I ran one of the tools on WRT "Profile Fixer" or whatever it was called and actually repaired a broken profile. Had the usual search bar not working and other profile glitches, I'm a Wizard 'arry!
 
sfc /scannow works great but you have to do a DISM /Online /Cleanup-Image /RestoreHealth before you run sfc /scannow because sfc /scannow assumes that the Windows image is working fine with no corruption or issues, and it rarely is if there's an actual problem.
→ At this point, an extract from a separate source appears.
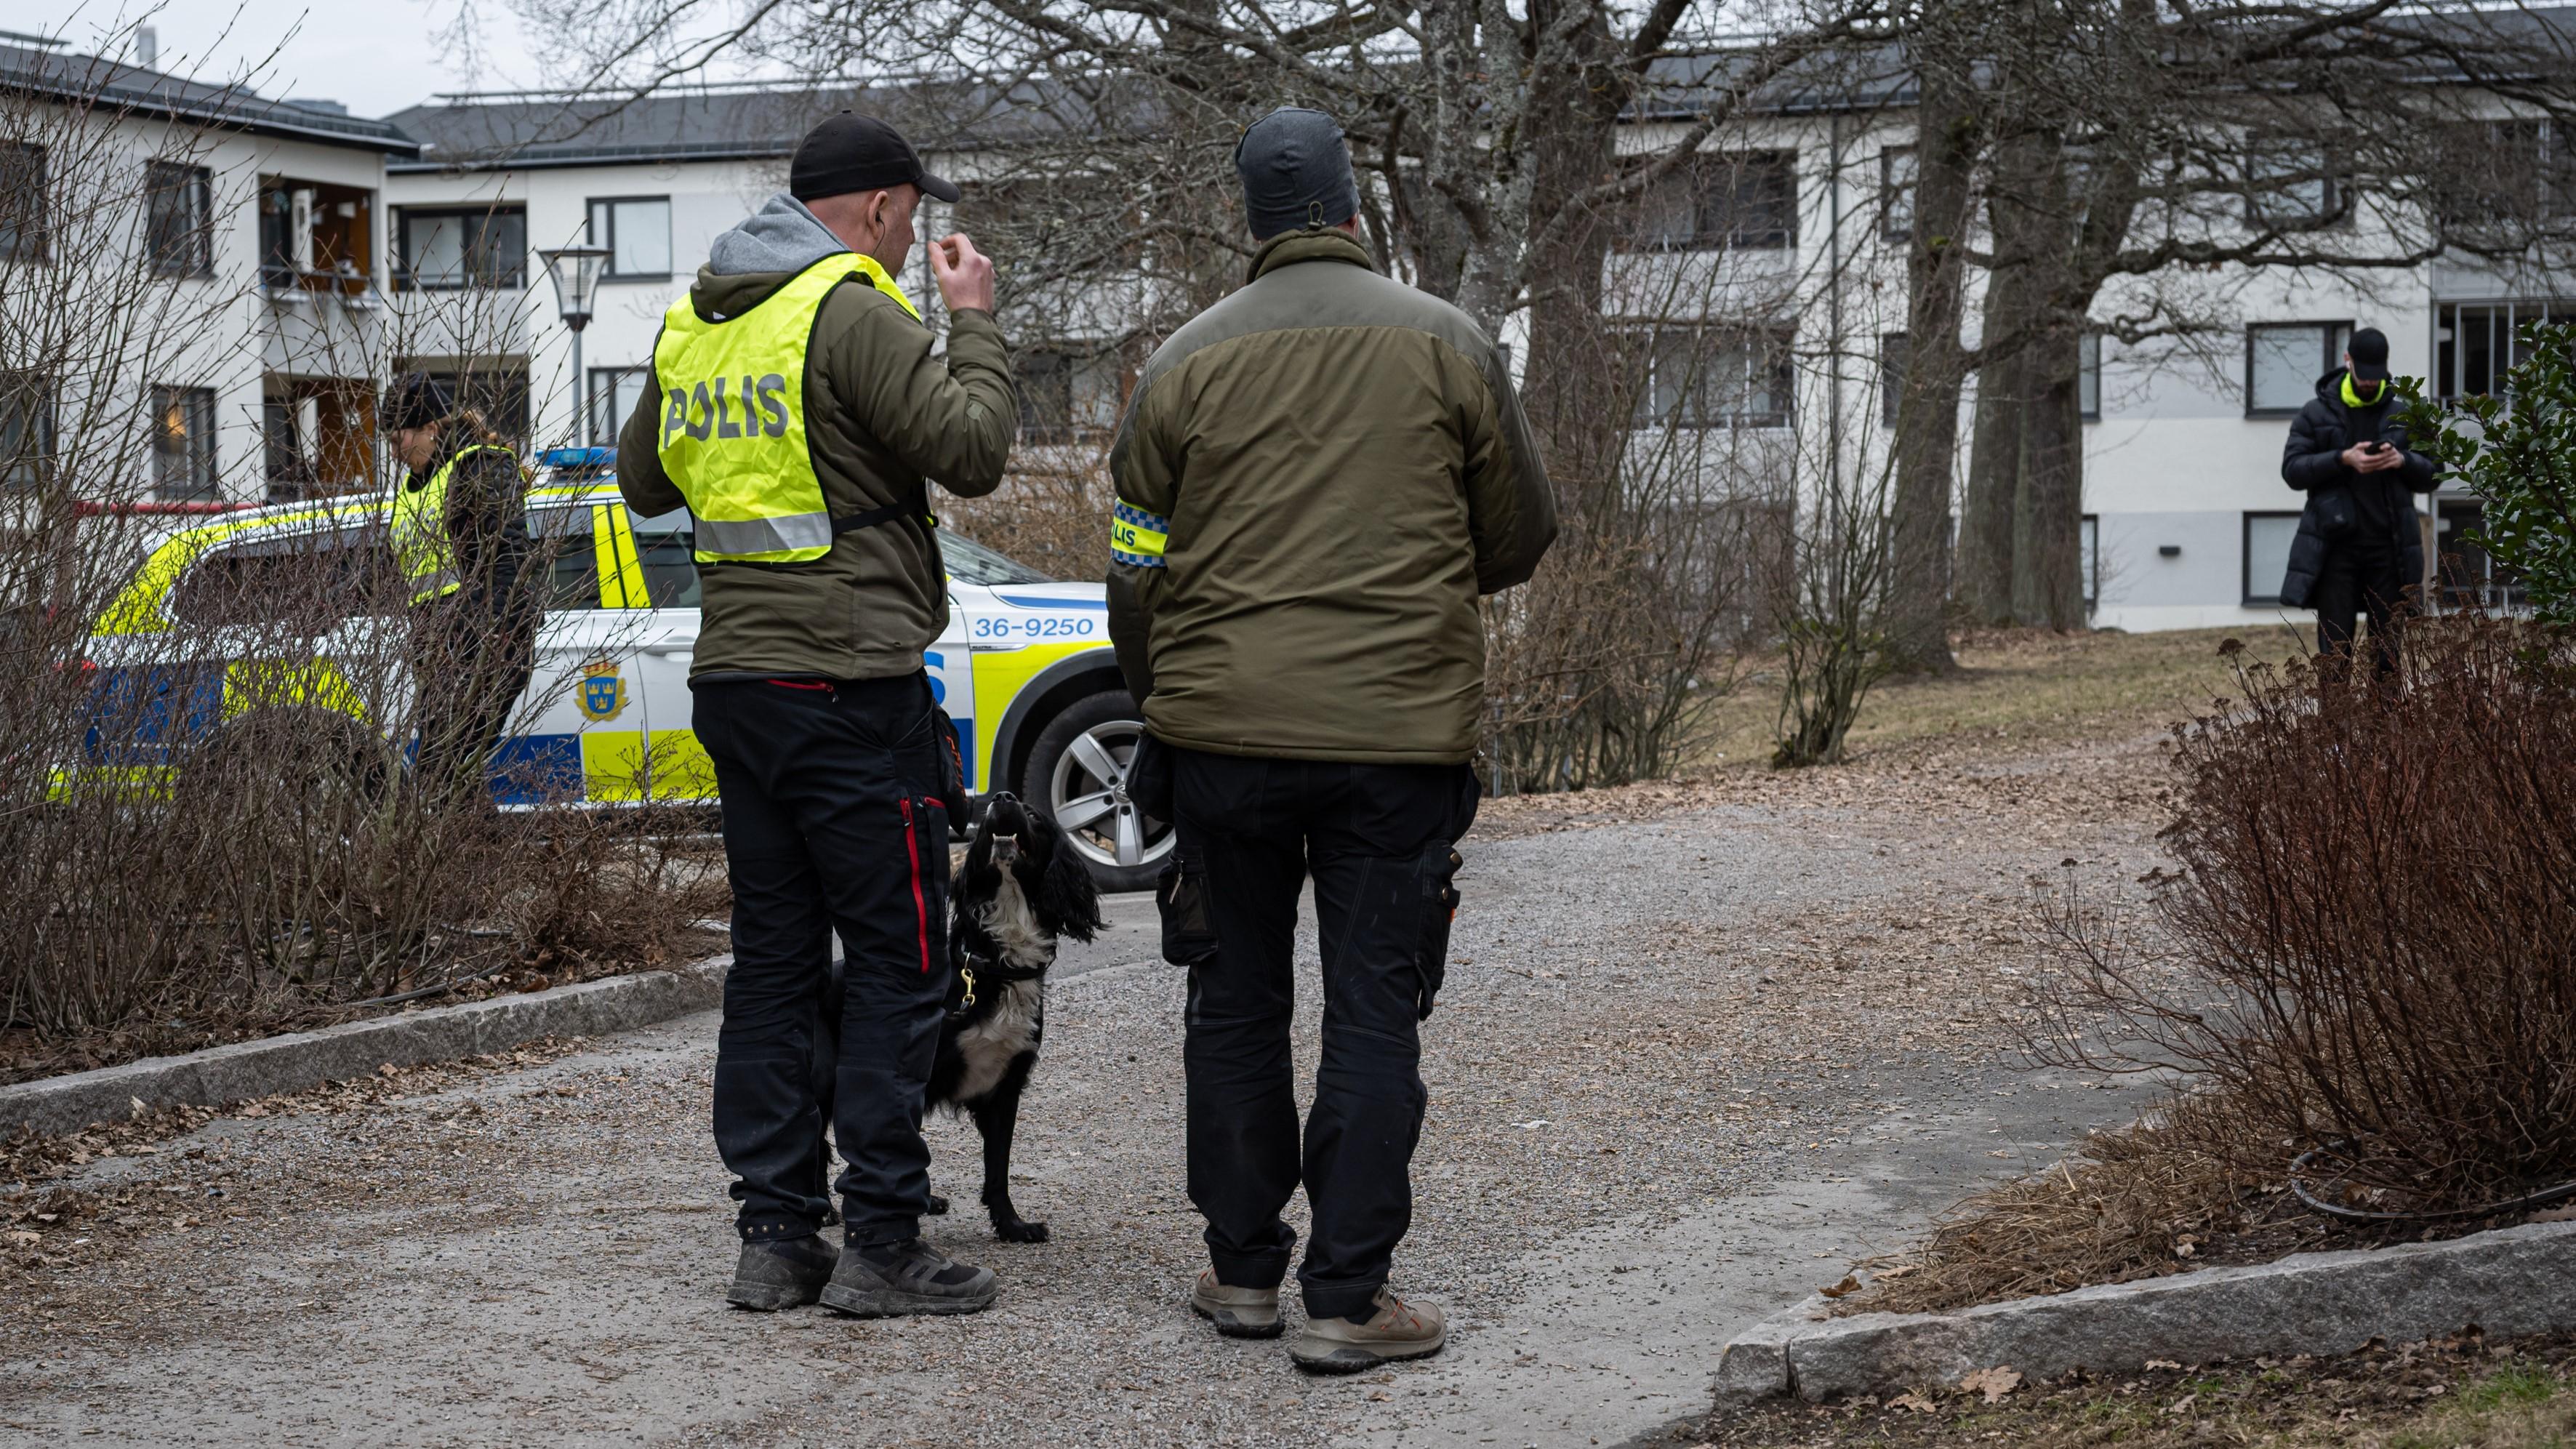 Polis med spårhundar efter skjutning i Skärholmen den 13 mars. Oppositionsborgarråd Gabriel Kroon (SD) vill ”storsatsa” på tryggheten i Skärholmen. Foto: Roger Sahlström

and....you should run DISM against a freshly-downloaded-and-mounted Windows ISO (of the same version as your installed OS) :

dism /online /cleanup-image /restorehealth /source:e:\sources\install.esd /limitaccess
 
@HCHTech,

I believe you're saying to use a freshly-downloaded-and-mounted Windows ISO for the same version you're attempting to repair as the data source for what DISM pulls repair materials from. Would that be correct?

That's how I read the /source switch and where e:\sources\install.esd is the path to the mounted ISO's install.esd.